In theory, nn.Embedding should be similar to a fully connected layer whose input dimension is the vocabulary length and the output is the word embedding dimension. We can verify by the following method.

embed=nn.Embedding(401,200)
print(list(embed.parameters())[0].data)
print(list(embed.parameters())[0].data.shape)

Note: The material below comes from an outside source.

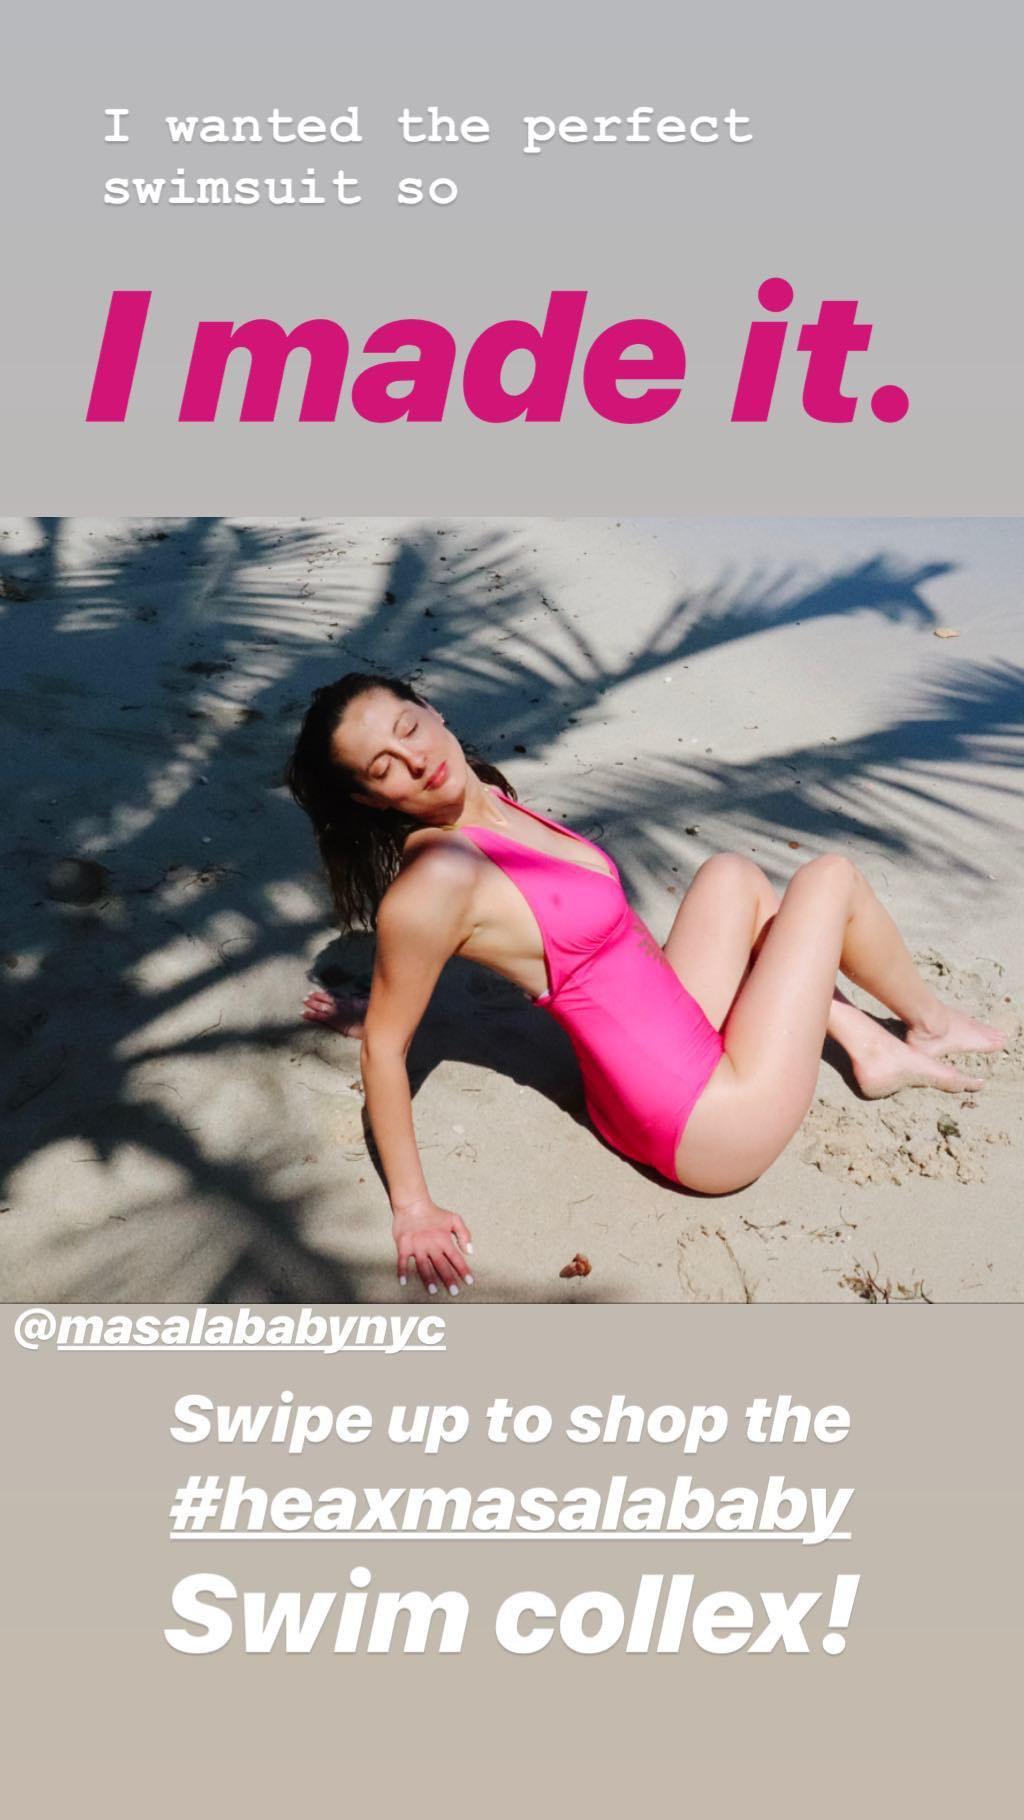 Eva Amurri Martino Big Boobs In Pink Swimsuit

The final parameters do indicate that it is a single layer fully connected network. The difference from the ordinary fully connected network is that each neuron input is a word vector instead of a number, so its input dimension can be [batch_size, num_input_word, one_hot_dim]. So it is more like num_word parallel fully connected layers sharing the same parameters, similar to the channel channel in the convolutional neural network. So the dimensions of the embedding layer output [batch, num_input_word, embed_dim]. When inputting this into the next fully connected layer, it is necessary to change the embedding output data dimension. This part of the code is saved in model1.py.

import torch
from torch import nn
from torch.utils.data import DataLoader
from dataset import dataset

class model(nn.Module):
    def __init__(self):
        super().__init__()
        self.embed=nn.Embedding(401,50)
        self.fc1=nn.Linear(160400,100)
        self.act1=nn.ReLU()
        self.fc2=nn.Linear(100,401*1)
        self.act2=nn.Sigmoid()
    def forward(self,input):
        b,_,_=input.shape
        out=self.embed(input).view(b,1,-1)
        out=self.fc1(out)
        out=self.act1(out)
        out=self.fc2(out)
        out=self.act2(out)
        return out
if __name__=='__main__':
    model=model()
    optim=torch.optim.Adam(params=model.parameters())
    Loss=nn.MSELoss()
    traindata=DataLoader(dataset(),batch_size=5,shuffle=True)
    for i in range(100):
        print('the {} epoch'.format(i))
        for d in traindata:
            yp=model(d[0])
            loss=Loss(yp,d[1])
            optim.zero_grad()
            loss.backward()
            optim.step()
    torch.save(model,'model_1.pkl')

2. Construct embedding yourself

Tutu here defines a fully connected layer with a layer number of 2 as the embedding layer. The method is similar to the effect of the previous embedding. This part of the code is saved in model2.py.

import torch
from torch import nn
from torch.utils.data import DataLoader
from dataset import dataset
import numpy as np
class embedding(nn.Module):
    def __init__(self,in_dim,embed_dim):
        super().__init__()
        self.embed=nn.Sequential(nn.Linear(in_dim,200),
                                 nn.ReLU(),
                                 nn.Linear(200,embed_dim),
                                 nn.Sigmoid())
    def forward(self,input):
        b,c,_=input.shape
        output=[]
        for i in range(c):
            out=self.embed(input[:,i])
            output.append(out.detach().numpy())
        return torch.tensor(np.array(output),dtype=torch.float32).permute(1,0,2)


class model(nn.Module):
    def __init__(self):
        super().__init__()
        self.embed=embedding(401,50)
        self.fc1=nn.Linear(400,4000)
        self.act1=nn.ReLU()
        self.fc2=nn.Linear(4000,401*1)
        self.act2=nn.Sigmoid()
    def forward(self,input):
        b,_,_=input.shape
        out=self.embed (input).reshape(b,-1)
        out=self.fc1 (out)
        out=self.act1(out)
        out=self.fc2(out)
        out=self.act2(out)
        out=out.view(b,1,-1)
        return out
if __name__=='__main__':
    model=model()
    optim=torch.optim.Adam(params=model.parameters())
    Loss=nn.MSELoss()
    traindata=DataLoader(dataset(),batch_size=5,shuffle=True)
    for i in range(100):
        print('the {} epoch'.format(i))
        for d in traindata:
            yp=model(d[0])
            loss=Loss(yp,d[1])
            optim.zero_grad()
            loss.backward()
            optim.step()
    torch.save(model,'model_2.pkl')

Three: Summary

As a method of natural language processing, the word embedding model has a wide range of types and is not limited to the methods described in this article. The ideas of these word embedding methods are basically the same. In essence, word embedding has many similarities with autoencoders. It reduces the data dimension and usually represents data in a more reasonable way. and optimization are important.